Der Frühstarter Neupert tauchte als Jugendlicher in die Solar- und Elektromobilszene seiner schwäbischen ­Heimat ein. Viele seiner heutigen Mitstreiter lernte er damals kennen. Er mischte mit in den Entwicklerteams, nahm an Solarfahrzeugrennen in der Schweiz, Spanien, Japan, den USA, Australien und in Deutschland teil. Neupert erinnert sich, wie er als mit Abstand Jüngster neben Ingenieuren von Daimler und Porsche frickelte – eine Lehre fürs Leben. Neben dem Unterricht an einer Waldorfschule in Stuttgart wirkte er auch am Institut für Statik und Dynamik der Luft- und Raumfahrtkonstruktionen an der Uni Stuttgart am ersten Solarluftschiff der Welt mit. Dessen Australienflug 1993 habe er initiiert, sagt Neupert. Bereits 1992 hatte Neupert eine erste Marktübersicht über elektrisch angetriebene Fahrräder veröffentlicht, mit dem damals kompletten internationalen Angebot: Hercules Electra, Diamant Cityblitz und Schachner Solar Bike sowie drei Prototypen. Dieser Überblick war die Grundlage für den Verein ExtraEnergy und Neuperts Wirken in den vergangenen mehr als zwei Jahrzehnten. Während seines Zivildienstes bekam er dann genug Freiraum, den ersten Elektrofahrradtest anzugehen. Parallel organisierte er einen inter­nationalen Fachkongress und eine Sonderausstellung auf der Intercycle 1995 in Köln.
Neupert ist bekannt dafür, dass er mit seiner Arbeit auf Gegenwind stößt, ihn manchmal auch provoziert. Das war schon damals so.
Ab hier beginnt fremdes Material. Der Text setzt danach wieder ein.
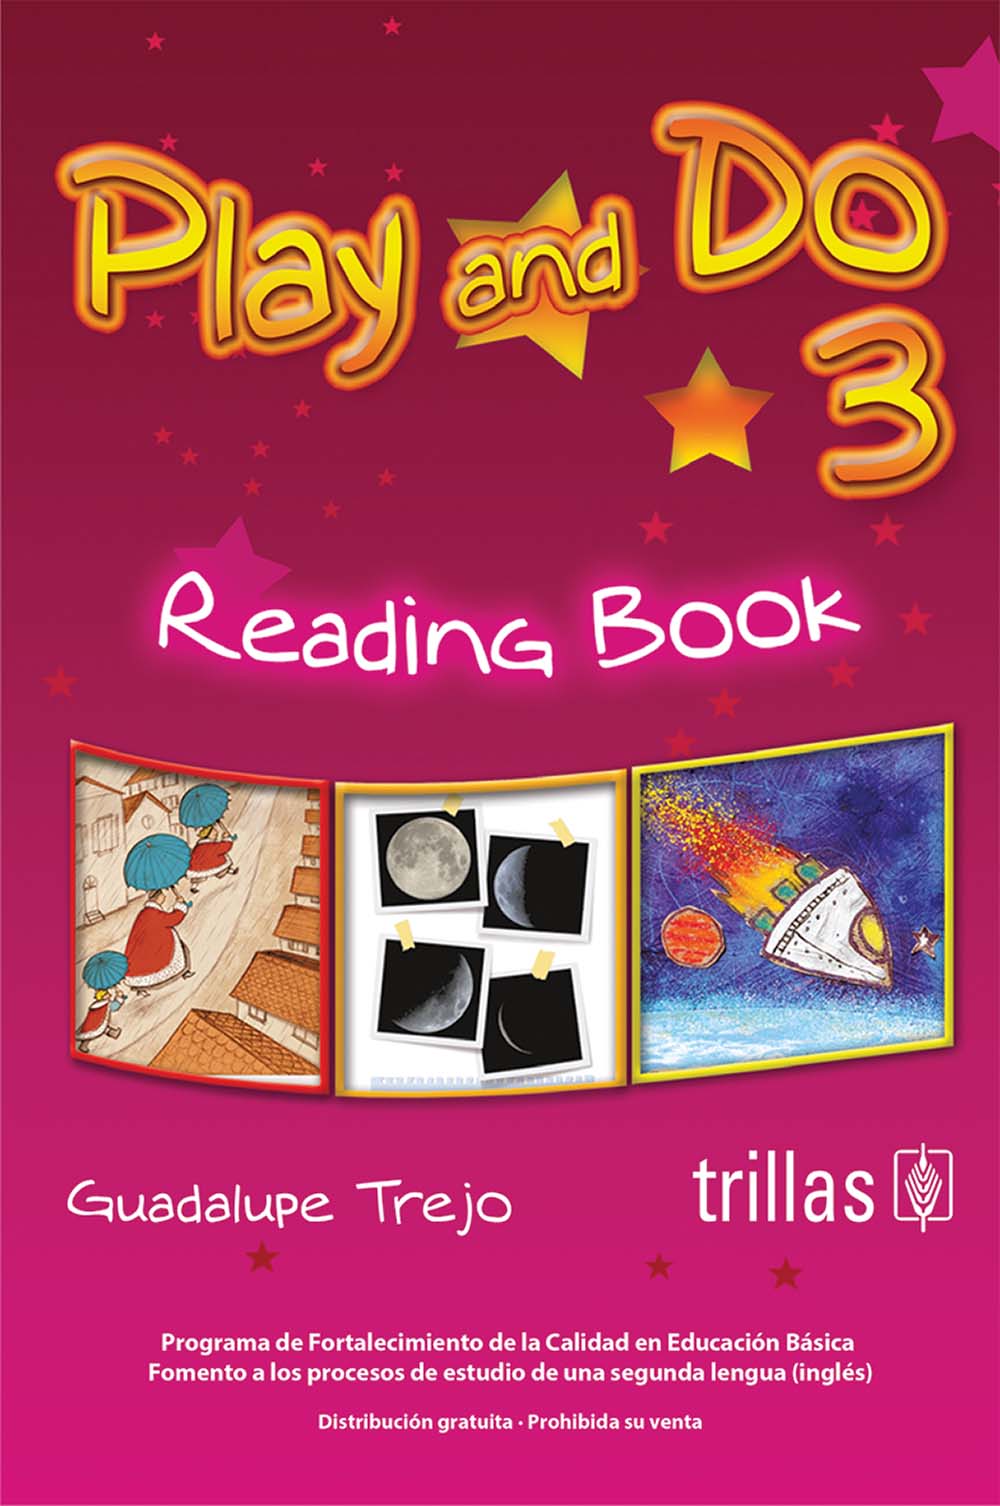 Play and Do 3 Libro de Lectura, Editorial: Trillas, Nivel: Primaria, Grado: 3

Zunächst veröffentlichte er den Test in einem Öko­magazin, dann aber auch gekürzt im Vereinsorgan des ADFC, das damals »Radfahren« hieß. Neupert war eigentlich überzeugtes ADFC-Mitglied, doch die Reaktionen ließen ihn umdenken. »Es gab einen Schuhkarton voll Schmähbriefe. Nichts davon war konstruktive Kritik, es war alles Prinzipienreiterei«, erinnert sich Neupert. Er trat aus dem ADFC aus. Damals, so sagt er, hätten die Mitglieder der Fahrradlobby »sich besser fühlen wollen als andere Menschen, beispielsweise Autofahrer, und das nur, weil sie aus eigener Muskelkraft ein Rad fahren«, sagt Neupert. Jeder kennt die Vorurteile gegen Pedelecs: Das sei was für Kranke, Omas, nichts für sportliche Männer. Neupert war immer anderer Meinung. So sehr er die Effizienz des muskelbetriebenen Fahrrads bewunderte, so sehr widmete er sich dem Glauben daran, dass mit dem Elektromotor eine höhere ­Effizienzstufe erreichbar sei.
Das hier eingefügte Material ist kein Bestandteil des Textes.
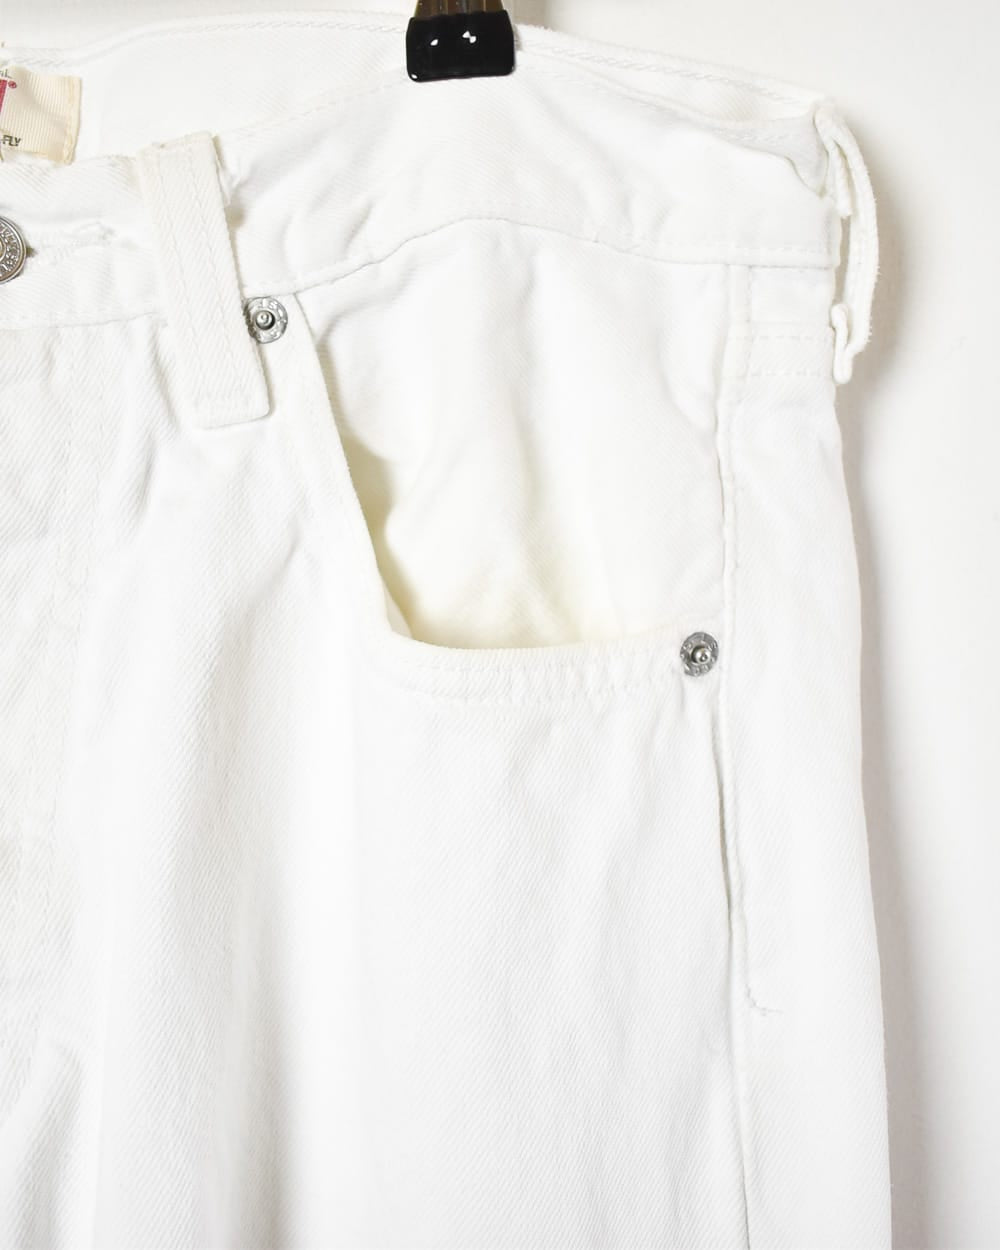 White Levi's 501 Jeans - W32 L32

Der studierte Industriedesigner, der seine Diplomprüfung nie ablegte, möchte Denkmuster durchbrechen. Er weiß, dass die Menschen sich erregen, auch wenn er in leiser Stimme spricht, denn er kratzt an Gewissheiten, etwa mit seiner Überzeugung, dass Pedelecs so viel effizienter sein können als herkömmliche Fahrräder. Neupert ist vorsichtig geworden, denn er weiß, dass die Menschen ungern – wie er sagt – ganz nüchterne Analysen hören; etwa diese hier: »Fahrradfahren hat keinen guten ökologischen Footprint, weil wir uns so energie-ineffizient ernähren. Wenn vier Leute parallel Fahrrad fahren und dazu wie heute üblich viel Fleisch essen, wäre es energetisch gesehen besser für die Welt, wenn sie in einem SUV fahren und so für die Fortbewegung absolut gesehen weniger CO2 emittieren würden.«

Spinner oder Vordenker?

Neupert galt viele Jahre lang in ­weiten Kreisen als Spinner. Dass Elektro­räder den Mainstream erreichen ­werden, hatte er schon vor zwei Jahrzehnten gepredigt, inspiriert von frühen Erfolgen japanischer Hersteller. Doch seine einst belächelten Prognosen gelten heute als realistisch, die Welt hat zu seinen Visionen zumindest ein wenig aufgeschlossen. Um die Entwicklung voranzutreiben, haben Neupert und sein Team selbst viele Kilometer zurückgelegt. In Japan gesehen und für den deutschen Markt umgesetzt hat ExtraEnergy einen Testparcours für Elektroräder, mit dem man seit 1997 zwischen 40 und 120 Veranstaltungstage im Jahr abreißt. »Man muss mit den Geräten zu den Menschen kommen und darf nicht im Handel darauf warten, dass sie sich für Pedelecs interessieren«, glaubt Neupert. Für diese Arbeit an der Bekehrung der Massen zur E-Mobilität lobt auch Siegfried Neuberger, Geschäftsführer des Zweirad-Industrie-Verbands, den Vereinschef von ExtraEnergy.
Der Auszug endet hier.